Community Corner

Despite Sandy, Sea Nettles Return to Barnegat Bay

This year's population has been observed farther south than usual, however

If there was any hope that Superstorm Sandy washed away Barnegat Bay's stinging sea nettles, it was lost over the past few weeks.

The translucent jellyfish, packing an annoying sting, have returned to the bay with a vengeance as the peak of their season – late July into August – has arrived.

Dr. Paul Bologna, a professor at Montclair State University, is currently studying the bay's jellyfish with a group of students. Last week, his team found sea nettles with tentacles more than six feet long, he said at a recent meeting of Save Barnegat Bay. His research so far shows there's just no way to avoid them, for the most part.

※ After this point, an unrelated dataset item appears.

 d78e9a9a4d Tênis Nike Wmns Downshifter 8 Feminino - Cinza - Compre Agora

"They're in upwards of 90 percent the bay's water, so they can just explode [in population] really fast," he said.

Traditionally, the northern half of Barnegat Bay – especially the waters around Brick, Toms River and Lavallette, where there is flow from the Metedeconk and Toms rivers – get the worst of the nettles, but this year some reports are saying they have shifted a bit to the south.

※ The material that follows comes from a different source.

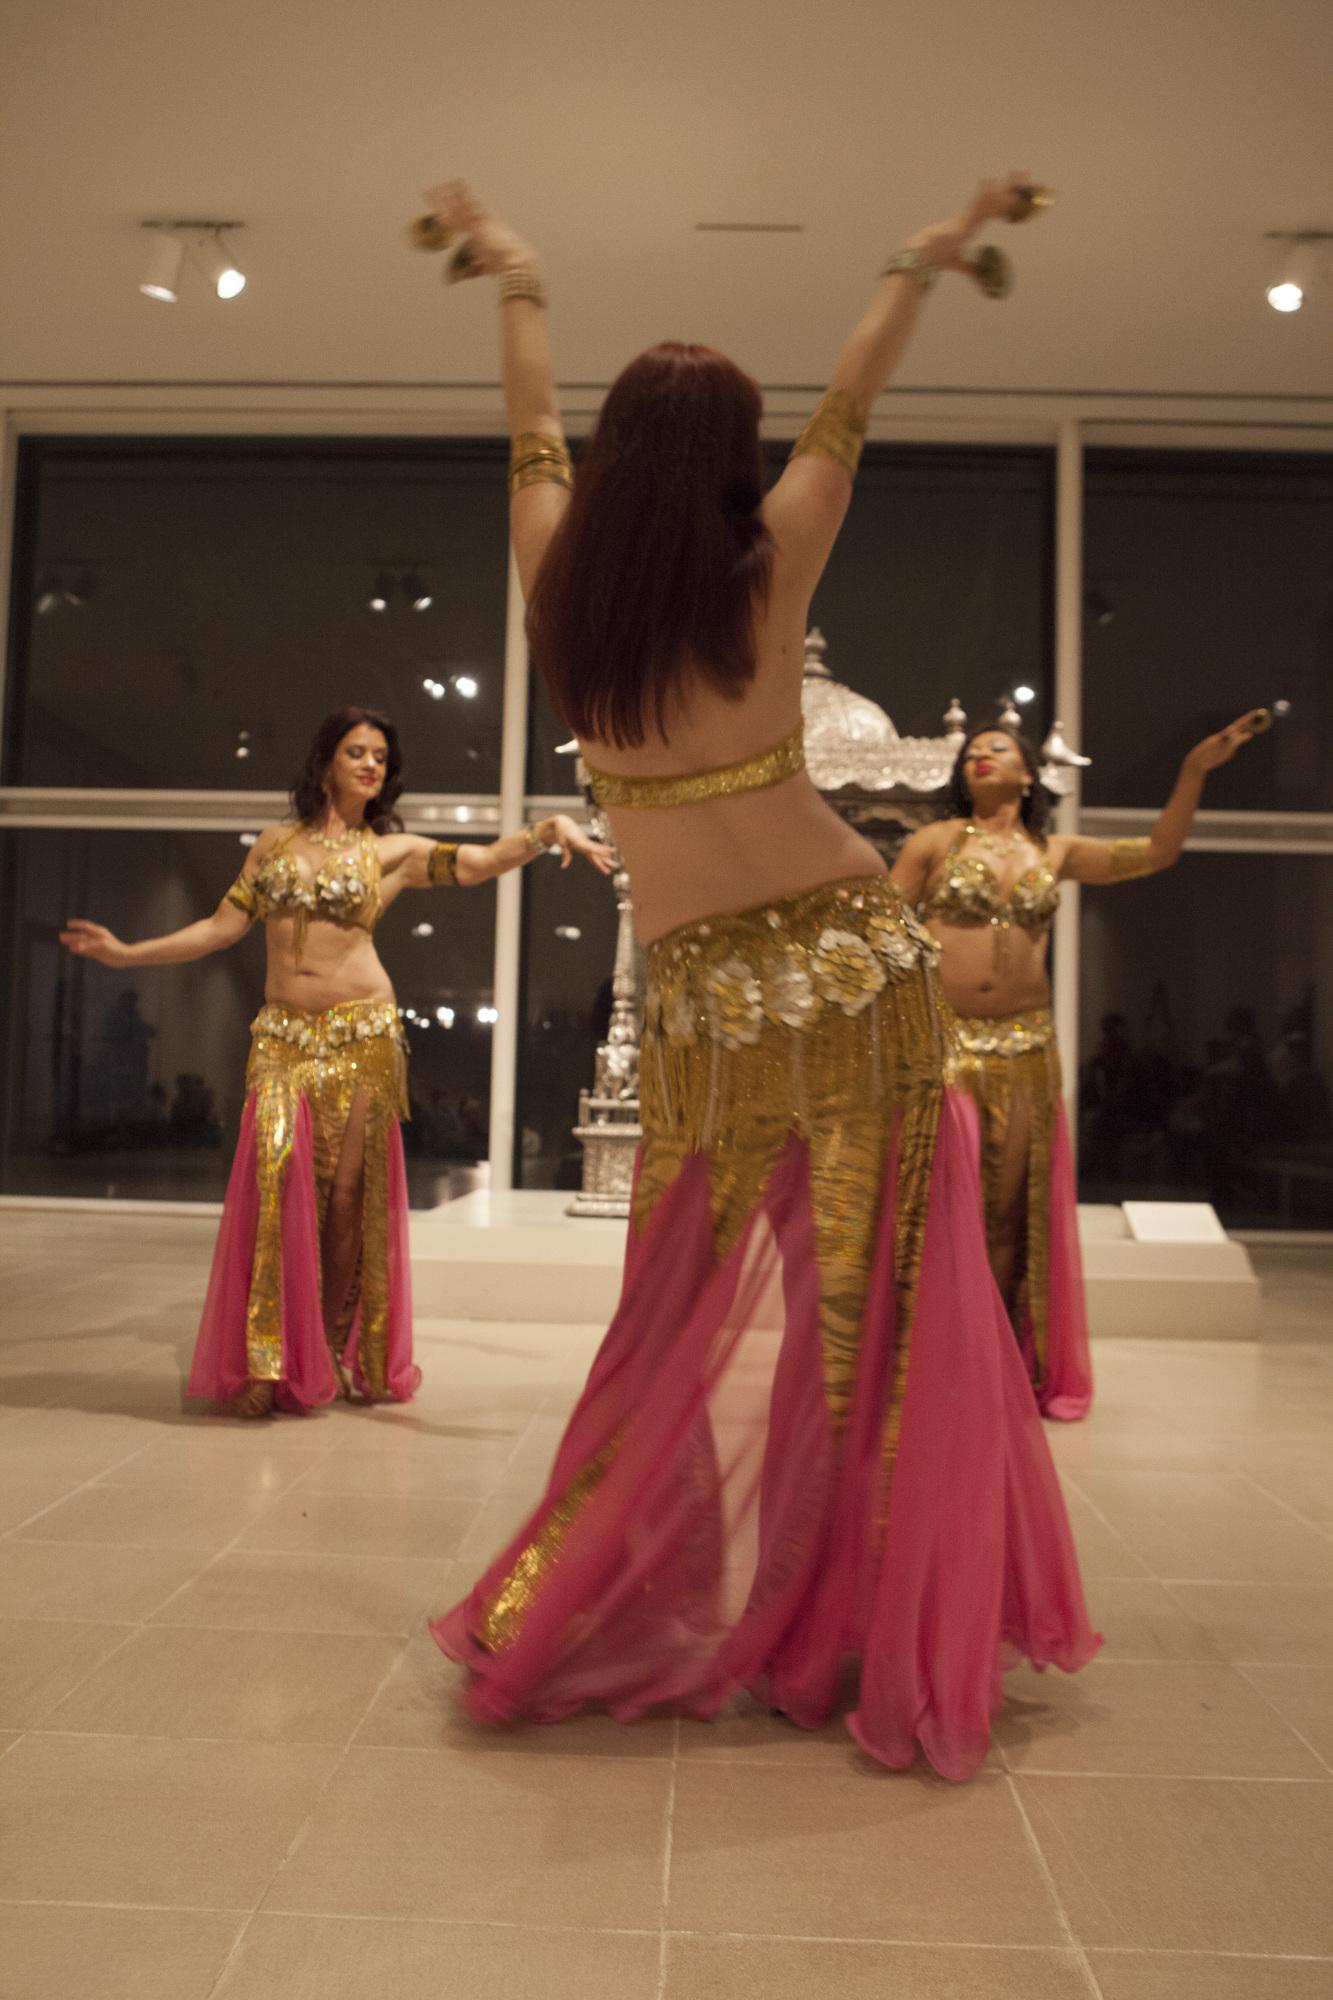 Dallas Belly Dance  - NaDi El Raks

Mike Kennish, a research professor at Rutgers University, said in a university publication this week that 2013's sea nettle population is bucking the trend of the past 13 years.

"There are higher numbers reported in the Forked River area and farther south than in the northern part of the bay, which is very unusual," he said.

Kennish's theory is that a rainy June flushed fresh water out from the rivers, lowering salinity and pushing the sea nettles further south. So the population may reappear in the northern bay as salinity returns.

The prospect of Superstorm Sandy affecting the sea nettle population seems not to have panned out in the short term, experts say, though it's still too early to tell. There is always the chance that there could be long-term ramifications.

"The bay circulation has changed post-Sandy, and we're still trying to understand what's going on," said Bologna.

Researchers have long held that sea nettle blooms have increased due to a combination of increased fertilizer usage, the closed-in nature of the waterway as well as rising temperatures due to global climate change.

But the reason the sea nettles – which have been identified in the bay since the early 1900s – have stuck around in recent years is likely because vinyl bulkheading has replaced treated lumber over the past two decades. The treated lumber, though harsher on the environment as a whole, kept the nettles from overwintering. The non-treated vinyl provides their polyps a place to stay during the cold months.

"I don't think we're ever going to get away from them, but the question is how do you minimize their potential?" said Bologna.